(EXERCISE DATA):

--

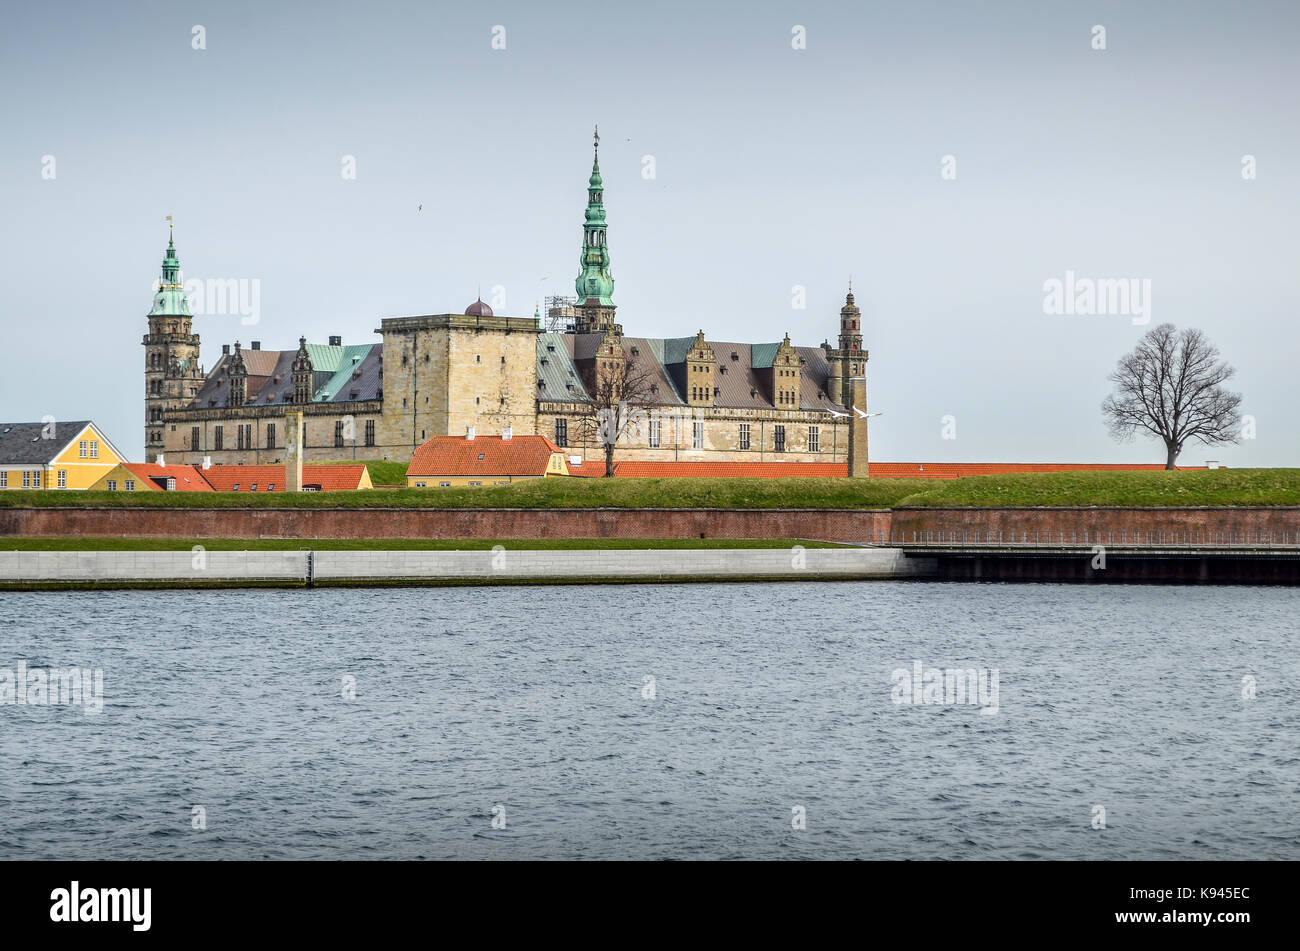 Exterior view of Kronborg Castle, Helsingor, Denmark seen from across the moat. - Stock Image
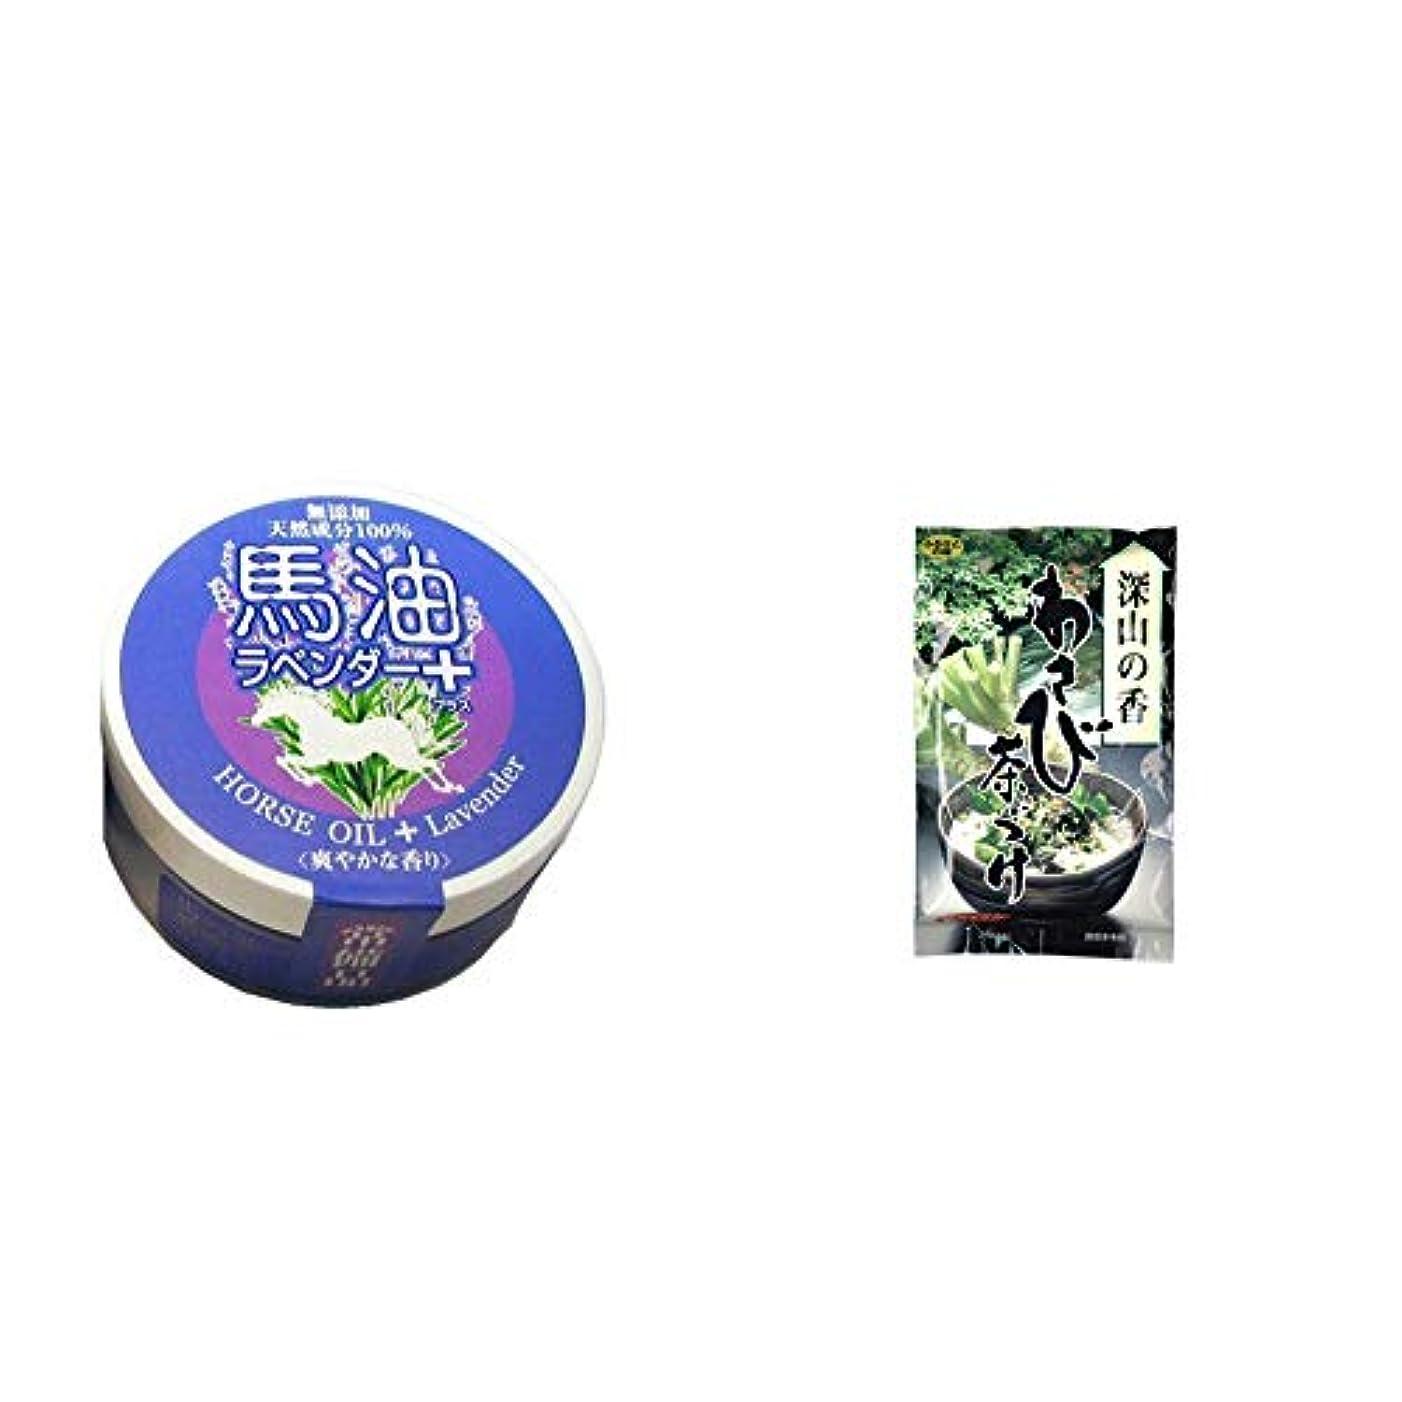 評価するバクテリアインチ[2点セット] 無添加天然成分100% 馬油[ラベンダー](38g)?特選茶漬け 深山の香 わさび茶づけ(10袋入)
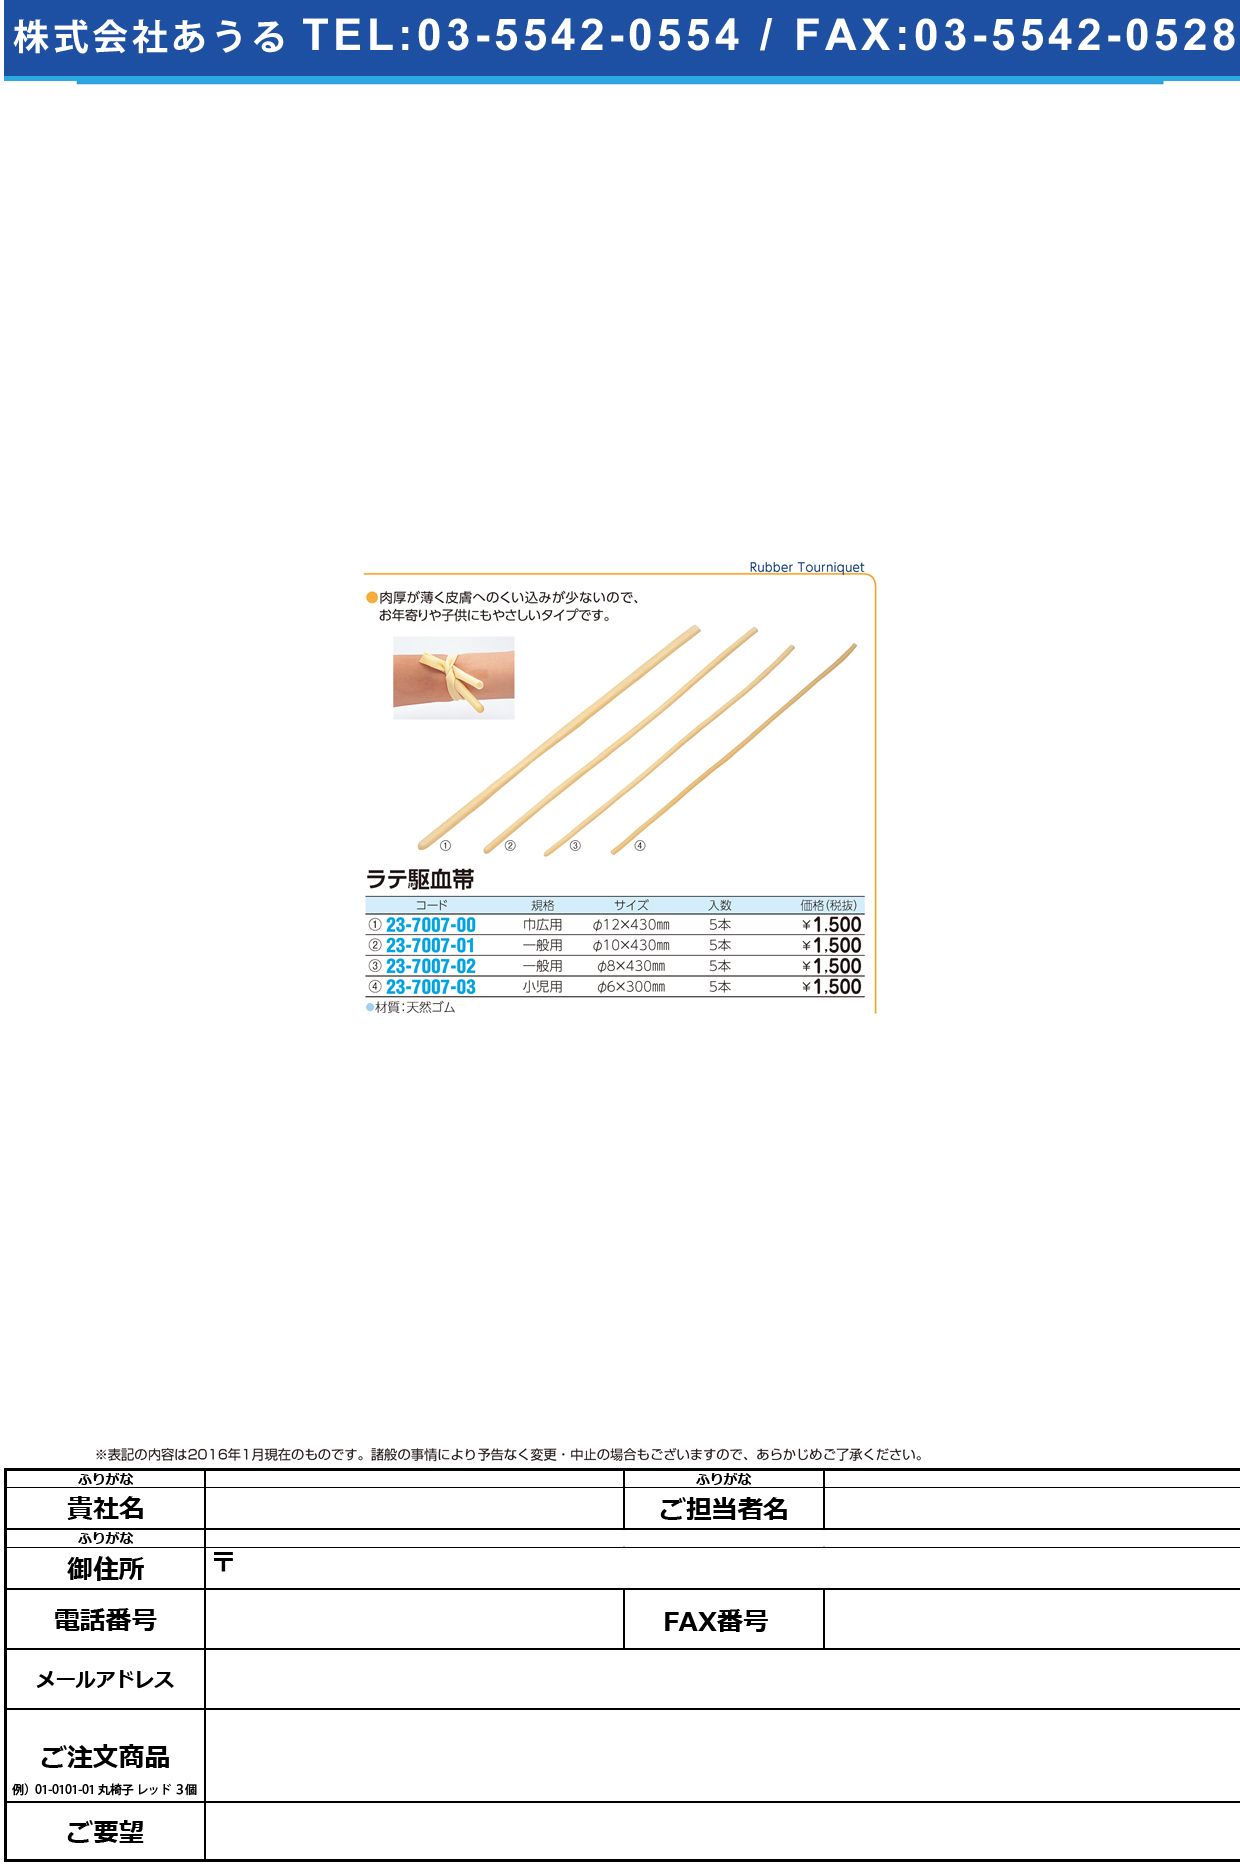 ラテ駆血帯(一般用)   ラテクケツタイ(イッパンヨウ) 06288(ケイ10X430MM)5ホン【1袋単位】

--

(WHAT IS NEEDED):
From the first line to the last, output the data exactly, without the pictures.

(OUTPUT OF THE TASK):
 Exterior view of Kronborg Castle, Helsingor, Denmark seen from across the moat. - Stock Image
 評価するバクテリアインチ[2点セット] 無添加天然成分100% 馬油[ラベンダー](38g)?特選茶漬け 深山の香 わさび茶づけ(10袋入)
 ラテ駆血帯(一般用)   ラテクケツタイ(イッパンヨウ) 06288(ケイ10X430MM)5ホン【1袋単位】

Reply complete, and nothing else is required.